My second question wasn’t answered:

Why did you raise the Graylog JAVA HEAP?

As we can see from your ps -ef output you have one Server with 6GB of RAM that has Elasticsearch, MongoDB and Graylog running. What again was the reason to raise the Graylog JAVA HEAP from the default?

After you returned to the default (1GB) - what again is your Problem exactly.

thank you

Thank you very much for your contribution for my problem. It is highly appreciated.
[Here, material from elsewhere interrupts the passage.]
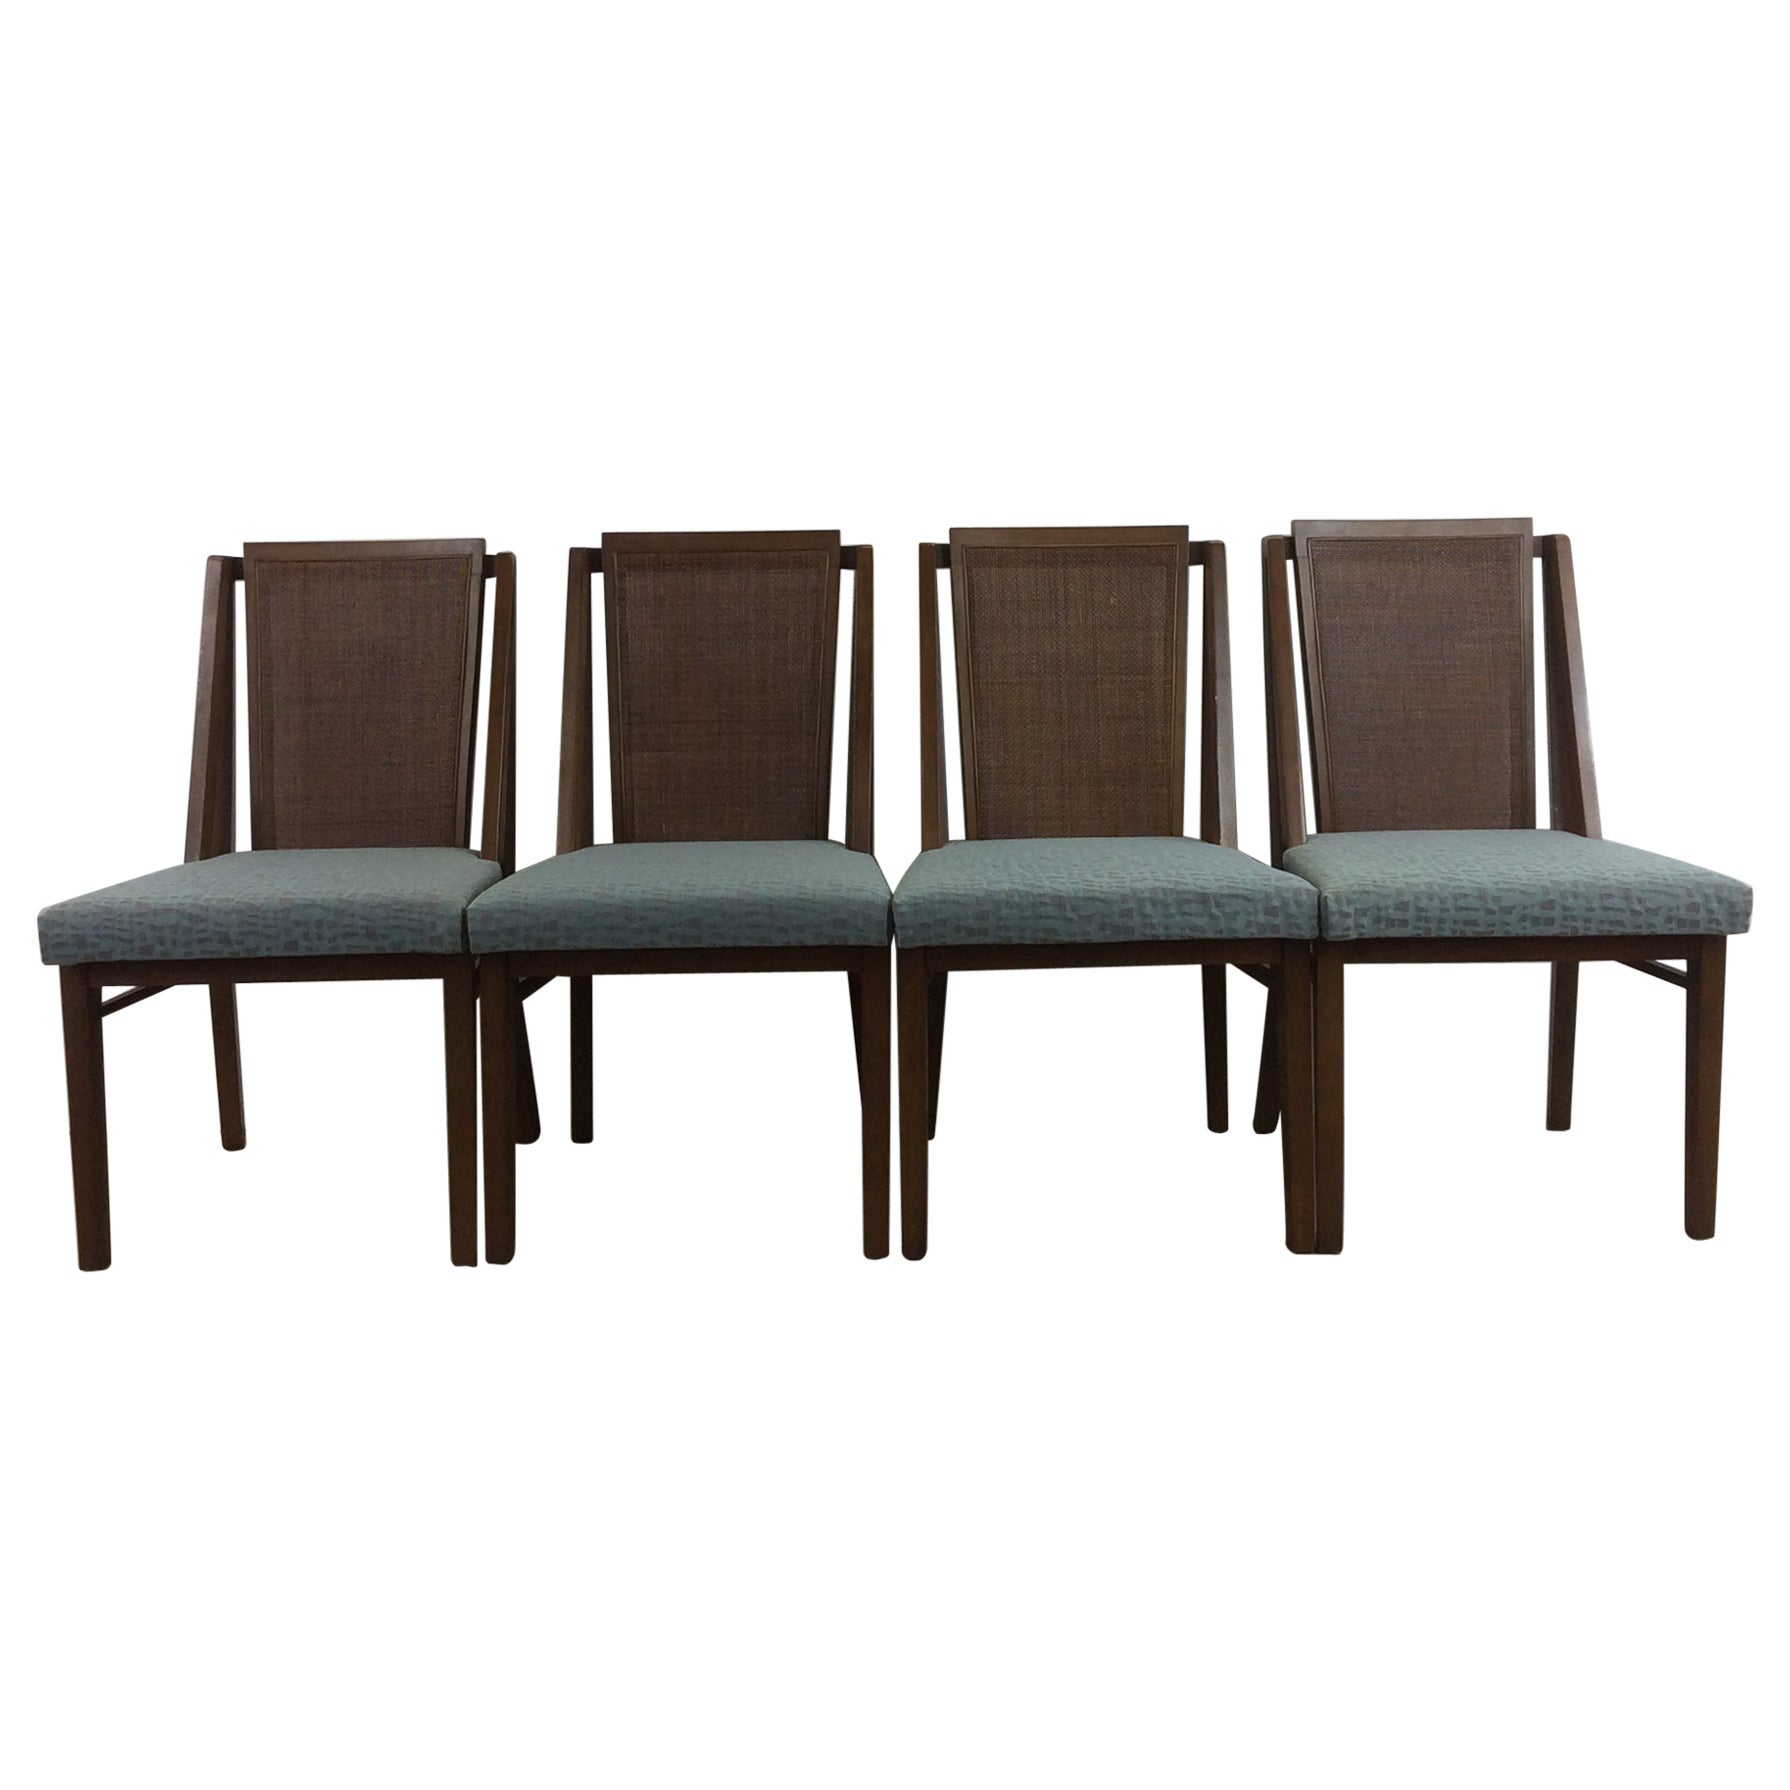 Set of 4 Mid-Century Modern Dining Room Chairs by Drexel For Sale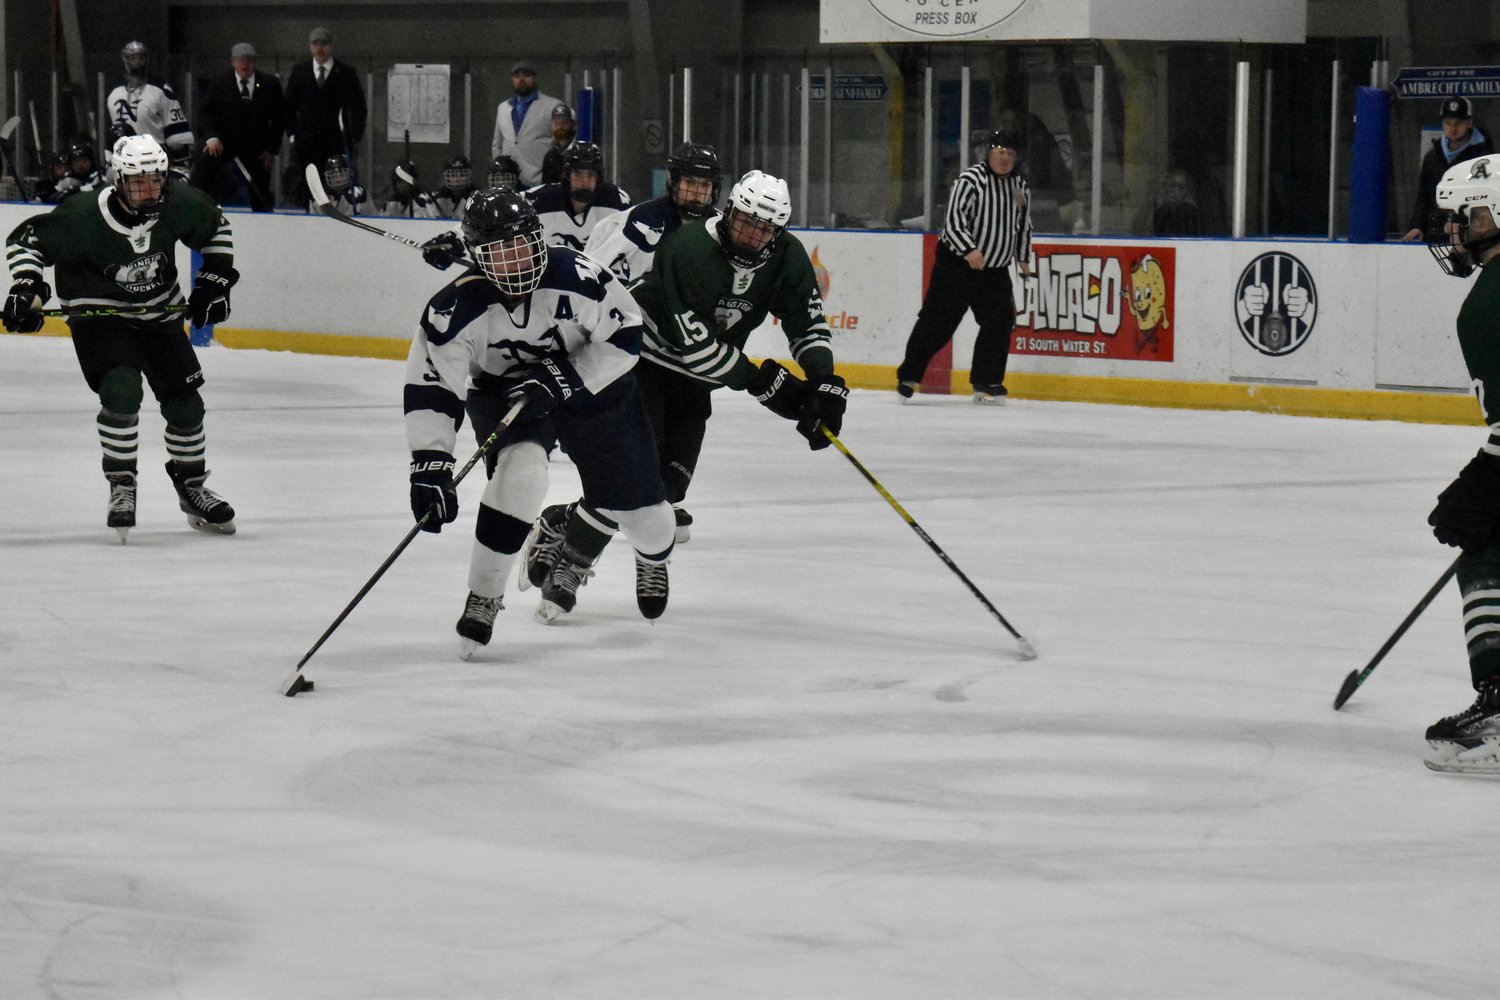 Mike Culkins carries the puck into the offensive end.

My problem was graylog server slowness.Java Heap error was rised from graylog logs. now it is gone. after i increased RAM to 2g. still slowness is there. system log said following

internal() messages are looping back, preventing loop by suppressing all internal messages until the current message is processed

so i stopped sending internal messages into graylog from syslog-ng server.

sysconfig settings as follows

destination d_net {
    syslog("localhost" transport("udp") port(1514));
};
# Tell syslog-ng to send data from source s_src to the newly defined syslog destination.
log {
    #source(s_sys); # Defined in the default syslog-ng configuration.
    #destination(d_net);
};

still slowness is there but system error messages also gone.

still problem is there i can’t even login to the graylog.

Make sure you don’t over-provision the memory of your system and that there is still enough memory left for the operating system to use for the disk cache.

For reference:

i have allocated 2g for graylog and all other are stopped. with elastic search with 2g and 2g for system

To date you have provided very little information about the system and been somewhat demanding. Both Jan and Jochen have been very gracious and tolerant in their responses.

I highly recommend you read the Graylog install documents for whatever OS you are running. Particularly any parts about memory requirements, swap, and open file handlers.
http://docs.graylog.org/en/2.3/pages/installation.html

From looking at the free command you posted it’s obvious you are swapping on the system, which is going to cause performance issues due to misconfiguration and or insufficient resources.

For Graylog a 1gb min/max heap should be fine.
For Elasticsearch if you set the min/max heap to 2gb then I would you plan on having an equal amount of ram free in case Elasticsearch crashes.
For Mongodb I would have at least 1gb of ram.
Total I would allocate minimum of 8gb of ram to the system if it has very little load.

If you want help with this you need to post sanitized Graylog, Elasticsearch, and Mongodb configs. They need to be formatted so we can read them as Jan mentioned above.

We also need to know what kind of environment you are running on and the number of messages you are sending per second to the server.

Just to chime in here, 256m of memory for MongoDB should be fine in most cases. Small setups might even work with 64m for MongoDB.

I am using RedHat 7.3 enterprise version.

some cases messages load is 3000 msg/sec

This topic was automatically closed 14 days after the last reply. New replies are no longer allowed.